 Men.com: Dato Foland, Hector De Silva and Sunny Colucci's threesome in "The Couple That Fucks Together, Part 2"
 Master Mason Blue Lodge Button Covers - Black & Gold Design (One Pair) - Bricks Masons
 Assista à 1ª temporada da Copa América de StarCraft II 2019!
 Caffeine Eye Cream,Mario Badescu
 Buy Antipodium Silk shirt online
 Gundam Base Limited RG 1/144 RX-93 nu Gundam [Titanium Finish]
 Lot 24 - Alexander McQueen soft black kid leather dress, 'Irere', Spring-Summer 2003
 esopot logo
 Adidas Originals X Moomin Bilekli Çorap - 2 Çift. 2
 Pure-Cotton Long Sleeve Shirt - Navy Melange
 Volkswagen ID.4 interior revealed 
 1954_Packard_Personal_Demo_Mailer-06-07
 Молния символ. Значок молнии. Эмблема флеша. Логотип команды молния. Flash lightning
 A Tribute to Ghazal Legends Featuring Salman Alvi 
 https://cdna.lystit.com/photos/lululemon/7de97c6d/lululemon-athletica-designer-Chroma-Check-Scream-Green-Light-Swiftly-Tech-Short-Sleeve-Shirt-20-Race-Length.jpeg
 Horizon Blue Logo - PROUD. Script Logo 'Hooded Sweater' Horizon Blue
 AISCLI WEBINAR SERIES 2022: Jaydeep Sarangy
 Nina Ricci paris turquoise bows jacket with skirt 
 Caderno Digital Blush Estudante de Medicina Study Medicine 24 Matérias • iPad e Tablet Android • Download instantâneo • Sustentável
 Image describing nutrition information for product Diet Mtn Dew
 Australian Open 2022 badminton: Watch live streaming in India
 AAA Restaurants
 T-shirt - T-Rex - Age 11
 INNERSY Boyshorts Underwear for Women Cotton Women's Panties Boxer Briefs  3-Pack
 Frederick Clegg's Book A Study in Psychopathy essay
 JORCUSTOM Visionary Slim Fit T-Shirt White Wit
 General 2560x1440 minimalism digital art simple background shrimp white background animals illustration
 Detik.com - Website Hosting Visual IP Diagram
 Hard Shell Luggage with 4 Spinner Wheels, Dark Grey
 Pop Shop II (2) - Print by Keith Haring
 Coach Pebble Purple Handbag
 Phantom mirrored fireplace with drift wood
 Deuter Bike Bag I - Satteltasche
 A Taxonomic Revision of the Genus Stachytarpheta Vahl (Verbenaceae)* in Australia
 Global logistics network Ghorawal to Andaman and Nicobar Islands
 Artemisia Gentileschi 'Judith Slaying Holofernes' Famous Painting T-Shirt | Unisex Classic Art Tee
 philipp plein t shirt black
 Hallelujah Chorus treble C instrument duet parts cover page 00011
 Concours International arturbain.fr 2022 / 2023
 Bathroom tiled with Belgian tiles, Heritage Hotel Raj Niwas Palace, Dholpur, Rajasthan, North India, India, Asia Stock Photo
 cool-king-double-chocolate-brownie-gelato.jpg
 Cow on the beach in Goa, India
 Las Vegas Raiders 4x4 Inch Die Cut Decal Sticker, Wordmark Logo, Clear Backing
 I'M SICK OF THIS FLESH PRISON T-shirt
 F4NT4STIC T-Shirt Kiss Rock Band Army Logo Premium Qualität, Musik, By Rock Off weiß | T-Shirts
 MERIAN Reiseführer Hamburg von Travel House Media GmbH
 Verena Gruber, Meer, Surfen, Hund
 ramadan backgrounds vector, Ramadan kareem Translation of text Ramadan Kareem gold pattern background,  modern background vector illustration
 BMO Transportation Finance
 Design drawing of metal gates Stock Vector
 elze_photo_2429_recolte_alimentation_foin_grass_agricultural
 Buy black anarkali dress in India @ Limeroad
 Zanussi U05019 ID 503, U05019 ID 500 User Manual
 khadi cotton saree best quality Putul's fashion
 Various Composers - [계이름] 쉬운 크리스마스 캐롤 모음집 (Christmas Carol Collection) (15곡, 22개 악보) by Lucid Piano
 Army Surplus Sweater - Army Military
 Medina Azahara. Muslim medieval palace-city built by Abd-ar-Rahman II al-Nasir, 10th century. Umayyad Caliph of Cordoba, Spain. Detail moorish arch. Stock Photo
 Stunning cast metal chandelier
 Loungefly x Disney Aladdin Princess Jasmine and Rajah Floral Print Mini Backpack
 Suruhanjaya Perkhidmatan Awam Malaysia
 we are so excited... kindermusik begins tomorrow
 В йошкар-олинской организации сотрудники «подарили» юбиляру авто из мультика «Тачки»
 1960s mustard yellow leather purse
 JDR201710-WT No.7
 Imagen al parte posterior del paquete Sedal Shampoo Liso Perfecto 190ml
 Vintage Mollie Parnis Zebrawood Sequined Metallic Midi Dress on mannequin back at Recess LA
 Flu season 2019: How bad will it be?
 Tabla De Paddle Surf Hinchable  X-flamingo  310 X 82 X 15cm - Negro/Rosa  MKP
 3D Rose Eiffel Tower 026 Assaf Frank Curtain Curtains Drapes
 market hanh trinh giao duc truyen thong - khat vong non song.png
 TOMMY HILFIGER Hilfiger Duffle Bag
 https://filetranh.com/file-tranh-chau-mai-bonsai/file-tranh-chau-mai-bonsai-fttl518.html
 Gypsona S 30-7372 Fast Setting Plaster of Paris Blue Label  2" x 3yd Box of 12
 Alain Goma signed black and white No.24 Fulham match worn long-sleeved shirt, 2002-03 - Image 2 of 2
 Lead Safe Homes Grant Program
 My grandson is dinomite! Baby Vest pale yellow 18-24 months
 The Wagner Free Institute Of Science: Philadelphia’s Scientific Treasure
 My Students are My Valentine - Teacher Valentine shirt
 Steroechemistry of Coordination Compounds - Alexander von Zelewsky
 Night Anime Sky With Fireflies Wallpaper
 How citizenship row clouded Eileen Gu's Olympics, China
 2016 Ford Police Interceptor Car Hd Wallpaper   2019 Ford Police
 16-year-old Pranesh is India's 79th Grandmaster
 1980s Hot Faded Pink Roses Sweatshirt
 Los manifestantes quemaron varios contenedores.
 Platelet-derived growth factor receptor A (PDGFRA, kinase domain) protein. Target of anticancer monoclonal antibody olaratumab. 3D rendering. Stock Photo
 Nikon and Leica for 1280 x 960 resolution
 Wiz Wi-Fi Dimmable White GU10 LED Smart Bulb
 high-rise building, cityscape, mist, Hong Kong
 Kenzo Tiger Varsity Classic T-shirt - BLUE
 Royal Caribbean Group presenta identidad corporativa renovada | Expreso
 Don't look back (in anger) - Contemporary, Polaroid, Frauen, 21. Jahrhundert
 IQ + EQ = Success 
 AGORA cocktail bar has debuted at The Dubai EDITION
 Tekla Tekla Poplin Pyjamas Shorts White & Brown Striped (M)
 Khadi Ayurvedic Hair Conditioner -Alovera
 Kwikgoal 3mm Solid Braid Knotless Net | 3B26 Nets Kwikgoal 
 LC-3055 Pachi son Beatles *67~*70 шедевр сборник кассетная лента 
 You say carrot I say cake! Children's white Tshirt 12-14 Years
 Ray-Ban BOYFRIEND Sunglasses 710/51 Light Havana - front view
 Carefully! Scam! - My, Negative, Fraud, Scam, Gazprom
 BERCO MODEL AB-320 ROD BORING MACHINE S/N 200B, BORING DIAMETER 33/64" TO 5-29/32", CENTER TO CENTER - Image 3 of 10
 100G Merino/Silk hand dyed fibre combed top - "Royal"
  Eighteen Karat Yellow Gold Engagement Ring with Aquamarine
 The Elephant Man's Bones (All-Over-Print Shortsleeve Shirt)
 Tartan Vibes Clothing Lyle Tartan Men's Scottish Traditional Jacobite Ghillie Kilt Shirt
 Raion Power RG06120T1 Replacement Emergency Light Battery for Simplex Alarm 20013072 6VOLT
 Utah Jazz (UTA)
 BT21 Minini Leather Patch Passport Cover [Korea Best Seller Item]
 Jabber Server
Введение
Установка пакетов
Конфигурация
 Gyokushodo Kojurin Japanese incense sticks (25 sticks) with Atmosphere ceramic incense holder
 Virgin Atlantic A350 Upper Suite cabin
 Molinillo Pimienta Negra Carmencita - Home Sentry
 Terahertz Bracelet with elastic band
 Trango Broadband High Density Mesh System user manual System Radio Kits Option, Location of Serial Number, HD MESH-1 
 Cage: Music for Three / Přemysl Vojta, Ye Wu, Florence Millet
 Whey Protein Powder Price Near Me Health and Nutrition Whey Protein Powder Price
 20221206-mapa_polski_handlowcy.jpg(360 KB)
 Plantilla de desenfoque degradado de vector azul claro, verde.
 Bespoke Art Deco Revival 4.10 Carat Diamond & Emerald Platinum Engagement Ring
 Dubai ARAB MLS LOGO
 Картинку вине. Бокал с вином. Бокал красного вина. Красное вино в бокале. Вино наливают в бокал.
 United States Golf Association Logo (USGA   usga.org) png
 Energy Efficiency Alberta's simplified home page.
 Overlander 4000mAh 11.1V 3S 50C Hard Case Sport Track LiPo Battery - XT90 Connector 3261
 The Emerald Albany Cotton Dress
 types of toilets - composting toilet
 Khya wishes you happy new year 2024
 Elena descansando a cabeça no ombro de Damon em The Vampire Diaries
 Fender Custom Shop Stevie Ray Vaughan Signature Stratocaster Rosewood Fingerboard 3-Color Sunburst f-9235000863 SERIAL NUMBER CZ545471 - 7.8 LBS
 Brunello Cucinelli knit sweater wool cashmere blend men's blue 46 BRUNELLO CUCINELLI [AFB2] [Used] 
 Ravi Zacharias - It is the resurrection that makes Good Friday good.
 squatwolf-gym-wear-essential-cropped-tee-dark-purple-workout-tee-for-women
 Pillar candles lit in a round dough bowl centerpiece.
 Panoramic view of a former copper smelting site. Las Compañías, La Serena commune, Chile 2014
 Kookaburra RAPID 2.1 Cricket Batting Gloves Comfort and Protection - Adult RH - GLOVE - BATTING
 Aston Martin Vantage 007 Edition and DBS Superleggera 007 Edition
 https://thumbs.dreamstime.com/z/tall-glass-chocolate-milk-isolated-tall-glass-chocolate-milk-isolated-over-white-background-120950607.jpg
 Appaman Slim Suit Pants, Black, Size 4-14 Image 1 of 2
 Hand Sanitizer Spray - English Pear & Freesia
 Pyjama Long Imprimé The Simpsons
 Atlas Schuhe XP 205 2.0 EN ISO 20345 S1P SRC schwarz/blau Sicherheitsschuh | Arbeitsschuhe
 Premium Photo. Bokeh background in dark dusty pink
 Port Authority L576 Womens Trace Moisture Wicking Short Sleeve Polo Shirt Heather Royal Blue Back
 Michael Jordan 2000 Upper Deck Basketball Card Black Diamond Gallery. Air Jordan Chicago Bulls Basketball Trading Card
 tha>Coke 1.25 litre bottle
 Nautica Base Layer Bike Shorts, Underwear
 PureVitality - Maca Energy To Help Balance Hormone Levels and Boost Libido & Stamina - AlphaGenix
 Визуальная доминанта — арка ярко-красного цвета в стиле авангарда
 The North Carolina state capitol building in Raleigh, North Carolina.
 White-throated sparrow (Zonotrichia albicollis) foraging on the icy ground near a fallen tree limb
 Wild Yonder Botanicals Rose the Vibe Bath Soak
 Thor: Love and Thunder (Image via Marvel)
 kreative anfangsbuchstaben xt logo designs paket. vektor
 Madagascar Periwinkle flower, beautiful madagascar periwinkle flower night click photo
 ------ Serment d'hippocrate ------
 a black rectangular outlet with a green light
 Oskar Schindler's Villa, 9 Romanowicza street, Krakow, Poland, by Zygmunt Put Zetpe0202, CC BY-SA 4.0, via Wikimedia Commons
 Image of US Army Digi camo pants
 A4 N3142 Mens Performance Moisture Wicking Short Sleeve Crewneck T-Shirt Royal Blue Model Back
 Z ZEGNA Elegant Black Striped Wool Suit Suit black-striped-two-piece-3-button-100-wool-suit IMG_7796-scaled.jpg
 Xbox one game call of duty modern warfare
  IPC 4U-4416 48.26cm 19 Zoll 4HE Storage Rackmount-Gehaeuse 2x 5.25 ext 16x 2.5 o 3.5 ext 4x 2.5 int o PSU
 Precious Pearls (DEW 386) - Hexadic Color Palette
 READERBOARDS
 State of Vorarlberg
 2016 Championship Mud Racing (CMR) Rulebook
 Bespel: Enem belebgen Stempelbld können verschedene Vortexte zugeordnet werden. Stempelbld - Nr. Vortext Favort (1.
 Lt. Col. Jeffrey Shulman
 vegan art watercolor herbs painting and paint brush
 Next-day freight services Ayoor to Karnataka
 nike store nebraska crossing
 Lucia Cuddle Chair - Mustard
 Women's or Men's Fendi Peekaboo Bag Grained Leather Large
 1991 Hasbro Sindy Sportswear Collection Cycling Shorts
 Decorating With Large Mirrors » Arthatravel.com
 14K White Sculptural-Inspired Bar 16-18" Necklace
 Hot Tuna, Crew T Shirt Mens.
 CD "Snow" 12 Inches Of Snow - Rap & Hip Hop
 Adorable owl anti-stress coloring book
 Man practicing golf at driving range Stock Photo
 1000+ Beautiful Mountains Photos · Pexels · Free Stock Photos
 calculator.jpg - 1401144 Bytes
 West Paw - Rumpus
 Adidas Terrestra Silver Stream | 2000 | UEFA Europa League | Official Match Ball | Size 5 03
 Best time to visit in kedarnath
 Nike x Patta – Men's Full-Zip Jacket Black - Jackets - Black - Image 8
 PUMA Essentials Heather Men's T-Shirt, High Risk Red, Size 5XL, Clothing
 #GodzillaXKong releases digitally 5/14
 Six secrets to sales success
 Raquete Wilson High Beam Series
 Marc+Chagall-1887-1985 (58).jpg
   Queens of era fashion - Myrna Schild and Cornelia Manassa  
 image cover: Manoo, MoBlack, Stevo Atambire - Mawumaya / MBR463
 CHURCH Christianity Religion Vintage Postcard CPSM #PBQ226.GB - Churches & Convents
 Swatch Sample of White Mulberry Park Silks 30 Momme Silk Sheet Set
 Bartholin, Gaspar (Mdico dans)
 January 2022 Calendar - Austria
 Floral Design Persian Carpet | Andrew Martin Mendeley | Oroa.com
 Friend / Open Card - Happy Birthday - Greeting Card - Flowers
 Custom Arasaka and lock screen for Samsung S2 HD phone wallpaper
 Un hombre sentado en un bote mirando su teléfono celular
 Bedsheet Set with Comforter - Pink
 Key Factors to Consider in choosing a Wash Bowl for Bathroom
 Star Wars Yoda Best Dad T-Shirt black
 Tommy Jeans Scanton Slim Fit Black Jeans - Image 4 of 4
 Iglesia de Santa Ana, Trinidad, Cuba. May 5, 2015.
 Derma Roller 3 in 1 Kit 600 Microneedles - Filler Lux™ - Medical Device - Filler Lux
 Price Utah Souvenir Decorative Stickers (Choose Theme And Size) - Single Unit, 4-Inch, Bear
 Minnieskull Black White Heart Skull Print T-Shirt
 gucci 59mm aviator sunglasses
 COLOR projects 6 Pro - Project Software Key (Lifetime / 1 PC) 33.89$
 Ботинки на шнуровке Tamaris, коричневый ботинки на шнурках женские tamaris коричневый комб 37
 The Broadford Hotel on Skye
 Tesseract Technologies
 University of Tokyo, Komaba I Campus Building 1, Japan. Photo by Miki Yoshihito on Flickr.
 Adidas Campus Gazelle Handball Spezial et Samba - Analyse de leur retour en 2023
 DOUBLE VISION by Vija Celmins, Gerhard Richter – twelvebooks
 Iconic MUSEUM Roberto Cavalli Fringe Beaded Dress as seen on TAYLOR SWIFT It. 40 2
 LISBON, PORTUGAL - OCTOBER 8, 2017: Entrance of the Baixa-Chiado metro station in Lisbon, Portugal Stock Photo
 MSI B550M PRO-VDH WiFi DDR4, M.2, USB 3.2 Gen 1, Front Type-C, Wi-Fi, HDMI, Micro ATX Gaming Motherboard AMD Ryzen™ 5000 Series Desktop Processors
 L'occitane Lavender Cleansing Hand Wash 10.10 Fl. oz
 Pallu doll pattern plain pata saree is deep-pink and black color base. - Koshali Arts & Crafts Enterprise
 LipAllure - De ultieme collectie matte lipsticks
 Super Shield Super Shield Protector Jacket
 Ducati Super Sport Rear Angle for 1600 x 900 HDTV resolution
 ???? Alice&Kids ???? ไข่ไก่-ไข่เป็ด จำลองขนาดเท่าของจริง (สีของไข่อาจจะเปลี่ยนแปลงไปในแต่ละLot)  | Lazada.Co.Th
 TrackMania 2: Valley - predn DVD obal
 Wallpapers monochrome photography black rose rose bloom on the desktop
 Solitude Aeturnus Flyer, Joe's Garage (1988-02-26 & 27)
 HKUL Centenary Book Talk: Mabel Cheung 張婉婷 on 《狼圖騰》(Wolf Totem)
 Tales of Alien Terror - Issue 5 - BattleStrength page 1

#### WHAT YOU ARE ASKED TO DO
Repeat, exactly as they stand above, the lines from the line with "Hand Sanitizer Spray" to the line with "Madagascar Periwinkle flower, beautiful", both lines included.

#### EXERCISE RESULT
 Hand Sanitizer Spray - English Pear & Freesia
 Pyjama Long Imprimé The Simpsons
 Atlas Schuhe XP 205 2.0 EN ISO 20345 S1P SRC schwarz/blau Sicherheitsschuh | Arbeitsschuhe
 Premium Photo. Bokeh background in dark dusty pink
 Port Authority L576 Womens Trace Moisture Wicking Short Sleeve Polo Shirt Heather Royal Blue Back
 Michael Jordan 2000 Upper Deck Basketball Card Black Diamond Gallery. Air Jordan Chicago Bulls Basketball Trading Card
 tha>Coke 1.25 litre bottle
 Nautica Base Layer Bike Shorts, Underwear
 PureVitality - Maca Energy To Help Balance Hormone Levels and Boost Libido & Stamina - AlphaGenix
 Визуальная доминанта — арка ярко-красного цвета в стиле авангарда
 The North Carolina state capitol building in Raleigh, North Carolina.
 White-throated sparrow (Zonotrichia albicollis) foraging on the icy ground near a fallen tree limb
 Wild Yonder Botanicals Rose the Vibe Bath Soak
 Thor: Love and Thunder (Image via Marvel)
 kreative anfangsbuchstaben xt logo designs paket. vektor
 Madagascar Periwinkle flower, beautiful madagascar periwinkle flower night click photo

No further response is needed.